- #1
24forChromium
- 155
- 7
There are two series on a graph, series A is the prediction of a value over time, series B is a curve of observed values over time. How can one quantify how much series A resemble series B?
andrewkirk said:The simplest and most usual method of measuring goodness of fit is the sum of squared errors.
https://en.wikipedia.org/wiki/Coefficient_of_determination24forChromium said:From what I have seen, this technique produces a value that is dependent on the magnitude of the points on the curve, for example, for time=10s, if the measured value is 10 and the predicted is 9, then the squared residual for that particular time is 1, but if the measured is 1000, and the predicted is 998, then the squared residual would be 4, how can I transform this into a format such that the squared residual or whatever the reported value would be, give consideration to the magnitude of the measured variable?
The coefficient of determination ('R-squared') that Micromass linked uses the sum of squared errors (SSE) together with a measure of the spread of the observed values to calculate the measure of fit, so that gives some of the consideration you are seeking. the R-squared is the most commonly used measure of fit in simple regressions.24forChromium said:how can I transform this into a format such that the squared residual or whatever the reported value would be, give consideration to the magnitude of the measured variable?
andrewkirk said:The coefficient of determination ('R-squared') that Micromass linked uses the sum of squared errors (SSE) together with a measure of the spread of the observed values to calculate the measure of fit, so that gives some of the consideration you are seeking. the R-squared is the most commonly used measure of fit in simple regressions.
If for some case-specific reason you wanted to give even stronger consideration to the values being predicted you could replace the SSE, which is an equally-weighted sum, by a weighted sum that gave more weight to the squares that you wanted to have more influence. For example you might replace the SSE by ##\sum_{k=1}^n (y_k-\hat{y}_k)^2|y_k|## if you wanted to put more emphasis on observations of larger values. You'd need to also change your method for calculating R-squared though, to reflect the different weighting scheme.
I would like to just make sure that this tells me how similar A1-A10 resemble B1-B10; and that the (r squared) is in some way "independent" of the magnitude of values for A and B.Dr. Courtney said:Put the predicted values and the observed values in two columns of a spreadsheet and use the correl function.

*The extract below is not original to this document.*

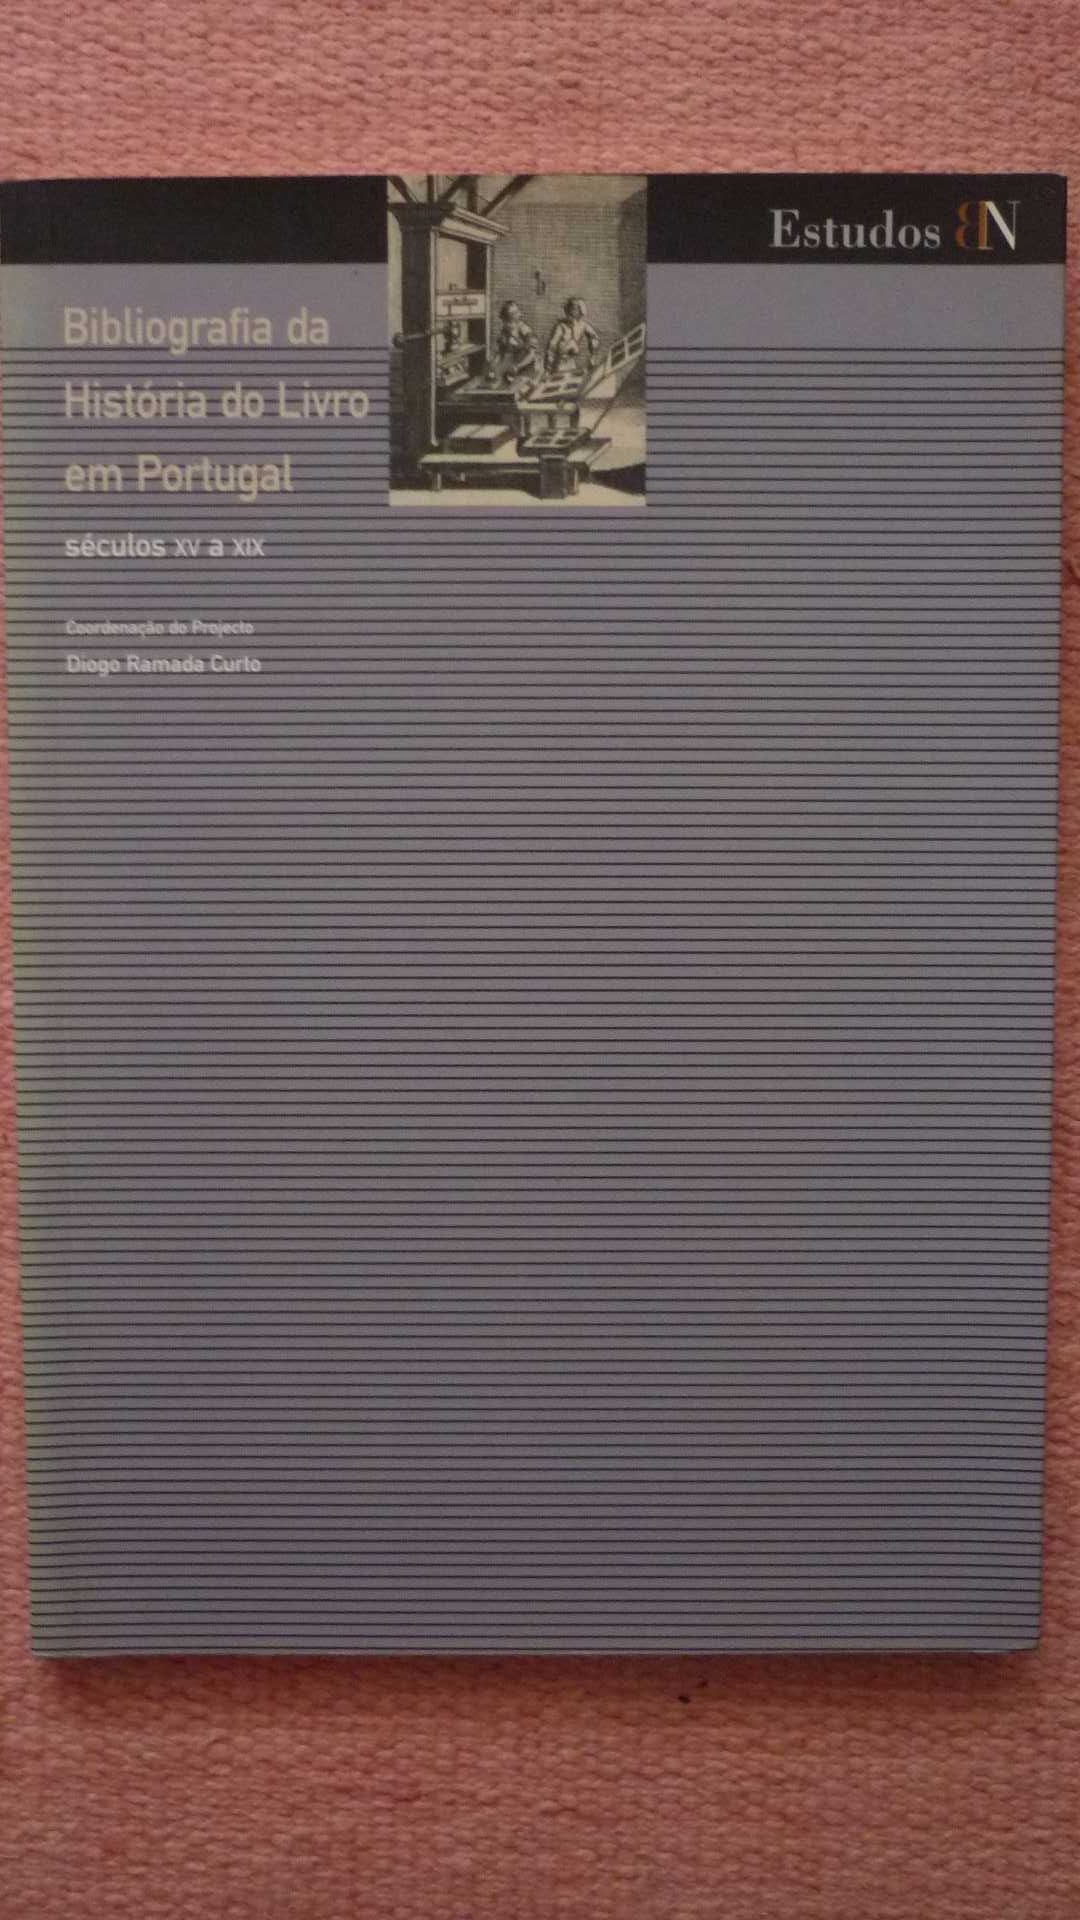 Bibliografia da História do Livro em Portugal, D. R. Curto
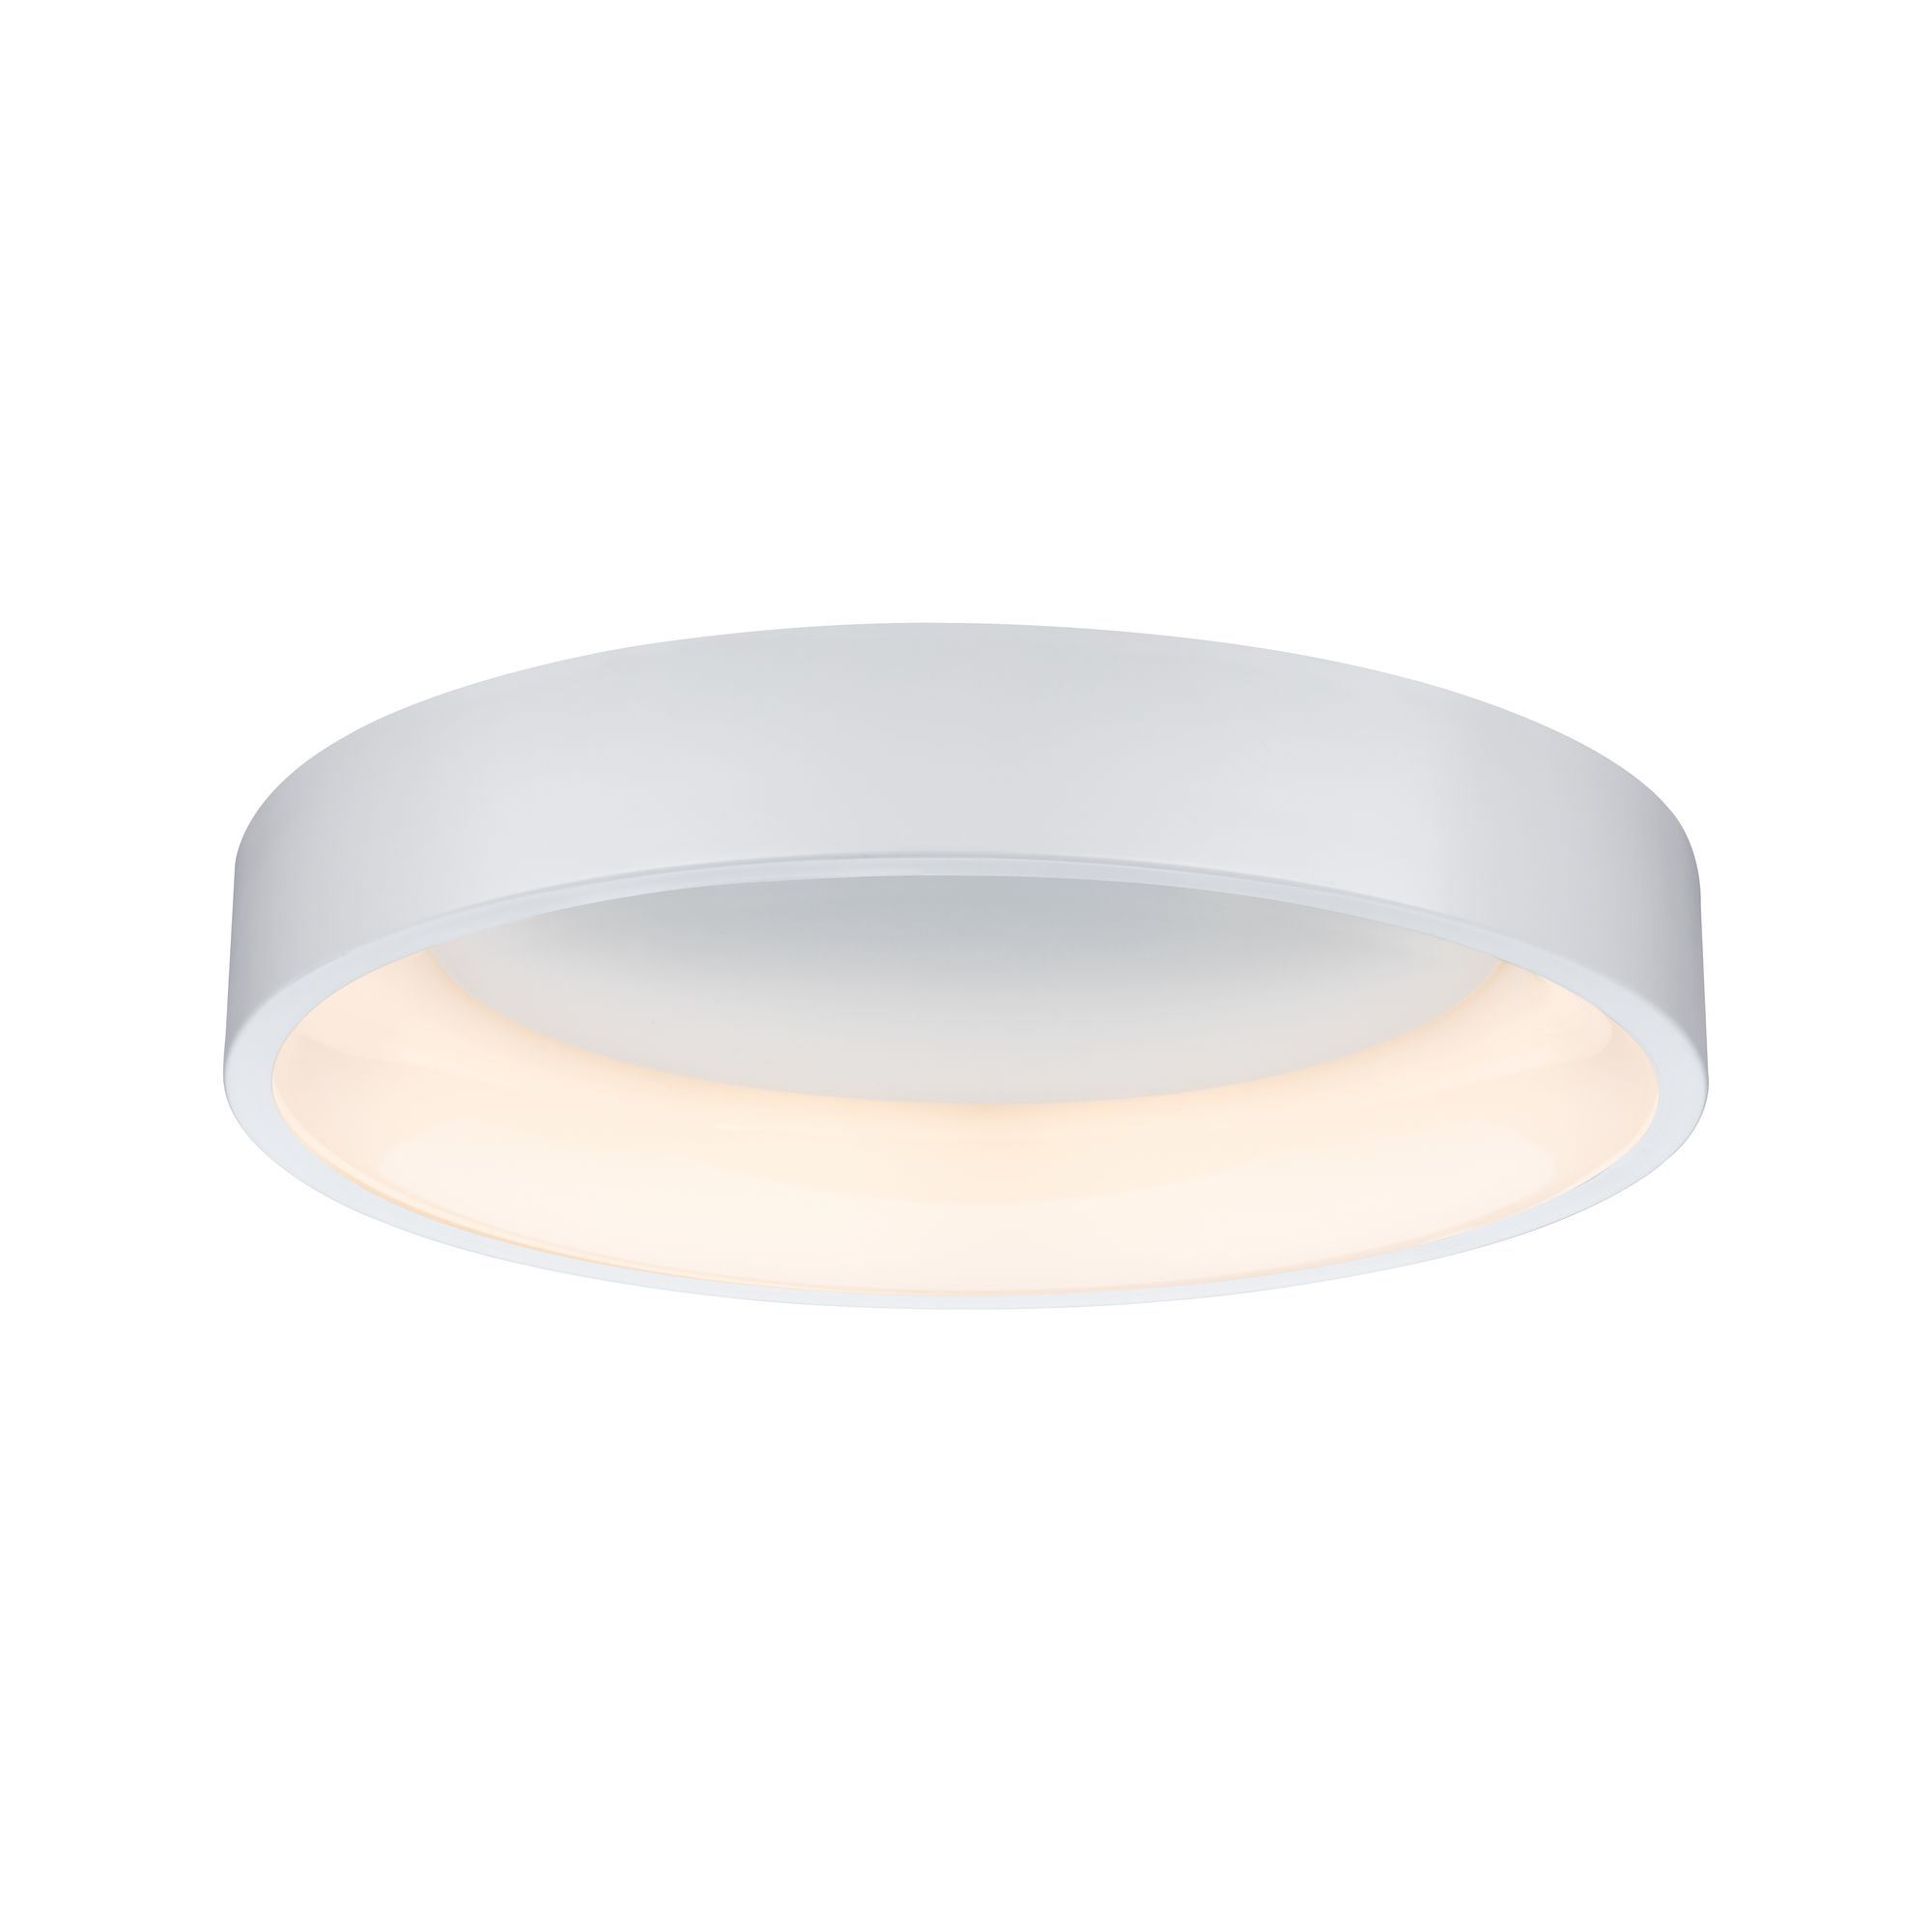 PAULMANN - LED stropní svítidlo Ardora 23,5W bílá stmívatelné, P 70906

Say the predicted values are A1 to A10 and the observed values are B1 to B10. Compute the correlation with =correl(A1:A10,B1:B10).
The coefficient of determination discussed above (r squared) is this value (r) squared. This value (r) is the correlation between the predicted and observed values. It ranges from -1 to 1.
24forChromium said:I would like to just make sure that this tells me how similar A1-A10 resemble B1-B10; and that the (r squared) is in some way "independent" of the magnitude of values for A and B.
24forChromium said:Also, I have heard that by multiplying the r^2 by 100%, one can claim that blank percent of the variations in the observed dependent can be explained by the model, would this be true when the input is not the independent and the dependent but rather the theoretical and empirical?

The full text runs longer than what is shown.